Ушли на это не одни сутки. Легче не становилось. Снова занимался погожий ясный день, но на сердце у Сидорова была мрачная ночь. Он понял, что лучше уж чем-то заняться. Василий вышел во двор и огляделся. С виду мир оставался прекрасным, как раньше, — теми же были стены тех же домов, и обитали там все те же люди и кошки, но небесные сферы уже не исполняли симфоний, а в жизни Сидорова уже не было Митюковой. Казалось, до нее можно по-прежнему добраться через форточку Фельдмана и чердак или подождать, пока откроют железную дверь подъезда, ведь Митюкова жила все там же, подъезд через двор, квартира семнадцать, в двух шагах — но так только казалось. Митюкова была уже воспоминанием, и двух шагов до нее сделать было нельзя. Ум Сидорова понимал это бесповоротно, а глупое сердце — еще нет и продолжало болеть и надеяться. Надо было чем-то отвлечься. Обучать ворон, как Кошкин, Василию не хотелось, и Сидоров поймал мышь и пошел навестить Фельдмана.

— Фельдман, — спросил между прочим Сидоров, — а как ты думаешь, почему нынче у котов и кошек исчезли всякие понятия? Я давно замечаю в кошачестве падение традиций. Представляешь, нынешние кошки взяли моду на дереве с котом не сидеть и по чердаку уже не бегают. И воровать коты стали больше. И на чужую территорию залезть норовят. И вообще отношение к жизни такое, ну, знаешь… мол, нам все трын-трава…

— Цинизм, — понимающе подсказал Фельдман.

— Что?

Фельдман охотно объяснил — он любил делиться своими знаниями:

— Это в Греции очень давно философы жили. Они считали, что для полного счастья челам надо во всем подражать собакам. Спать где придется, ногу задирать у каждого дерева…

— Задней лапой уши чесать, — вслух подумал Василий.

— Вот-вот. А собака по-гречески «кино», вот их и стали звать киниками или циниками. Собачатниками то есть.

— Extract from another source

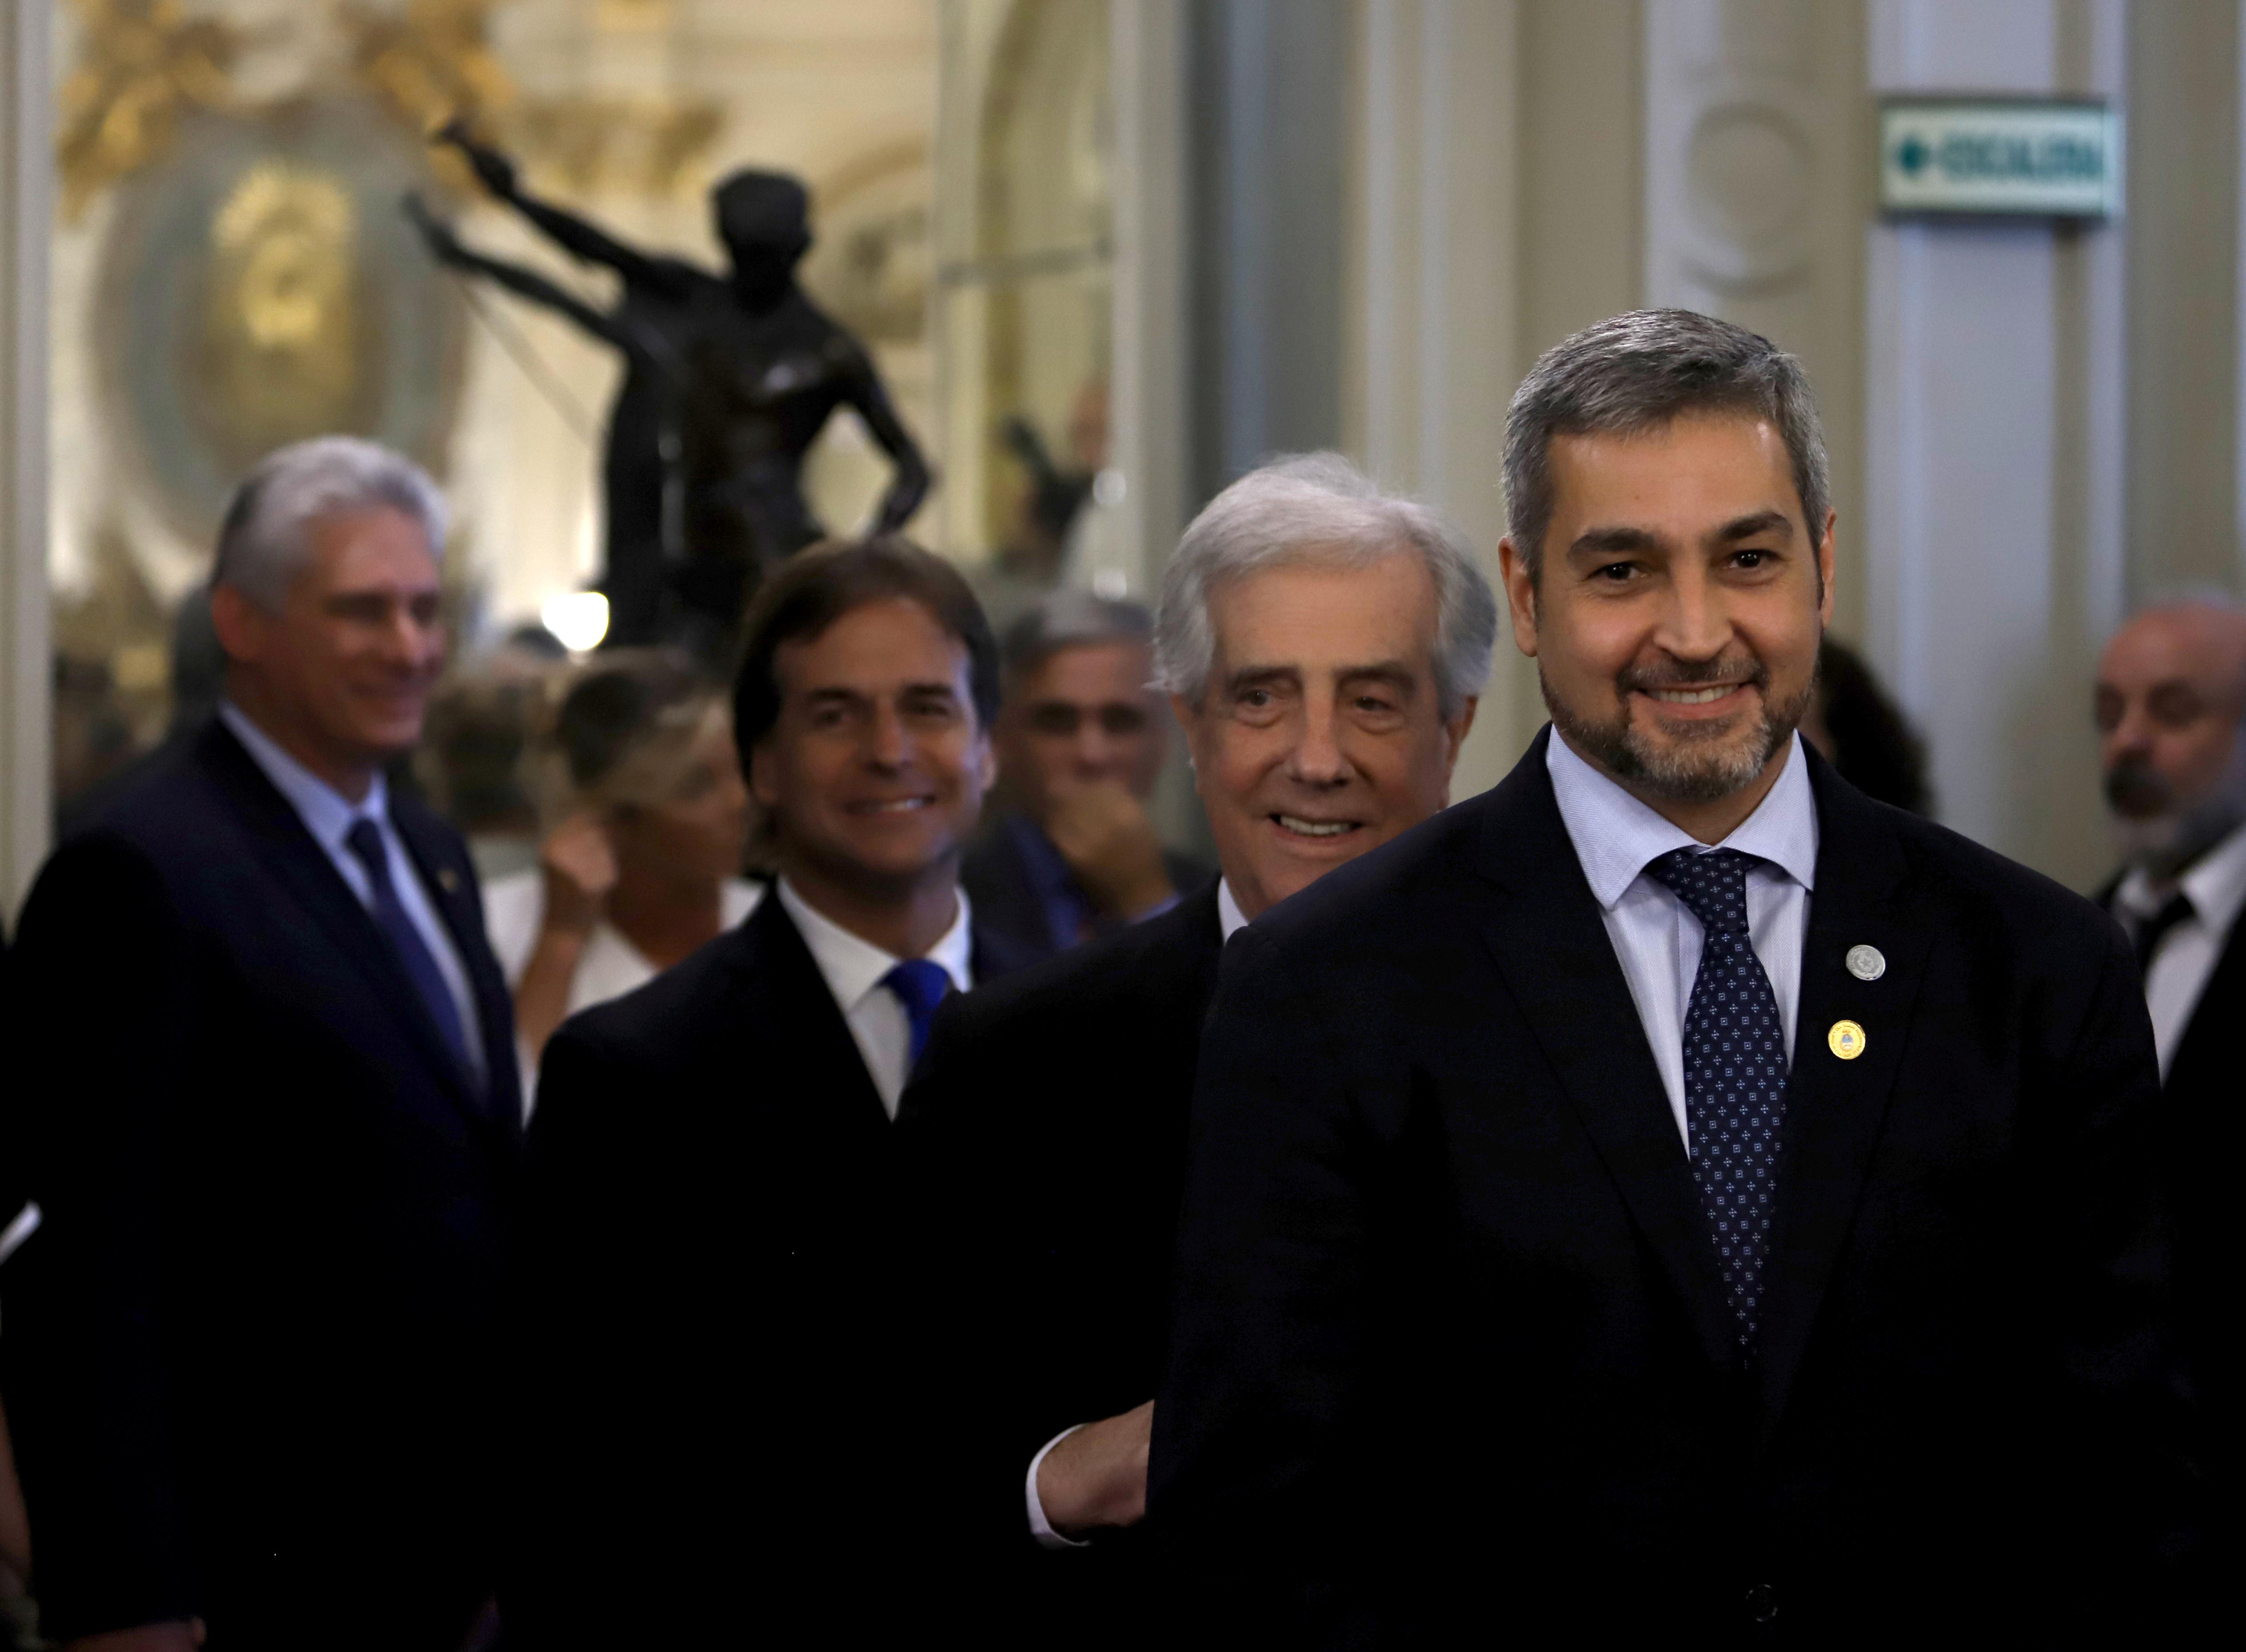 El presidente de Paraguay Mario Abdo Benitez. Detrás, su par de Uruguay Tabare Vazquez y su sucesor electo Luis Lacalle Pou (Reuters)

— В самую точку, Фельдман! — подхватил Сидоров. — В том-то и горе, что нас, кошек, нынче совсем уже за собак держат, оттого и настала нам жизнь собачья. Барсика знаешь из третьего подъезда? Видал, наверно, из окна — его же по двору, как пуделя, на поводке выгуливают. Я считаю, Фельдман, это откровенный цинизм!

Сидорову даже как-то легче стало. А то он все не мог понять, откуда это такое поведение у нынешних кошек. Крыс в подарок не принимают, письма пишут позорные… А это, оказывается, цинизм. У собак набрались, вот оно что! Ну, тогда все понятно.

Вскоре недалеко от двора Сидоров повстречал Кошкина. Кошкин тащил связку из двух сосисок, а над ним летали Ася и Дуся и вели репортаж. Поскольку они поминали про чудеса ловкости и молниеносную реакцию, а еще оставшуюся с носом злую буфетчицу, происхождение добычи Кошкина указывало на столовую. Обрадованный встрече Кошкин положил сосиски на землю, покосился на Асю и Дусю, наступил на свой приз лапой и принялся разглагольствовать:

— Сидоров! Ты слыхал, как мы с Фельдманом в прошлый раз погудели? Доберманом буду — этот трезвенник больше меня вылакал! Такие стал теории загибать, у меня аж голова закружилась, ну, вообще!

— Цинизм это, — мрачно отвечал Сидоров. — Ты Фельдмана не спаивай, ему нельзя.

— Чего-чего? — удивился Кошкин. — Какой еще синизм?

— А такой. Нечего собачьих повадок держаться. Это они только у буфетчиц сосиски тырят. А мы — кошки.

Кошкин вытаращил глаза:

— Сидоров, да ты ж сам как-то из столовой замороженный бифштекс тащил, я ж видел! Ну, Вася, ты со своей Митюковой совсем уже крышой едешь!

Не помяни Кошкин Митюкову, ничего бы и не было. Но Кошкин присвоил ее Сидорову — "твоя Митюкова", а она уже была и вовсе не его, не Сидорова, а сама по себе, и это показалось Сидорову непереносимо обидным. Он начал чувствовать, что его возмущает сам факт, и огрызнулся:

— С чего ты взял, что я из-за Митюковой? Да я ее и не видел ни разу. Фельдман говорил, что живет у них такая, вот и все.

Кошкин — вот уж, действительно цинично — расхохотался.

— Да брось ты, Васька! Весь двор зырил, как ее чела тебя за шкирку из подъезда выносила!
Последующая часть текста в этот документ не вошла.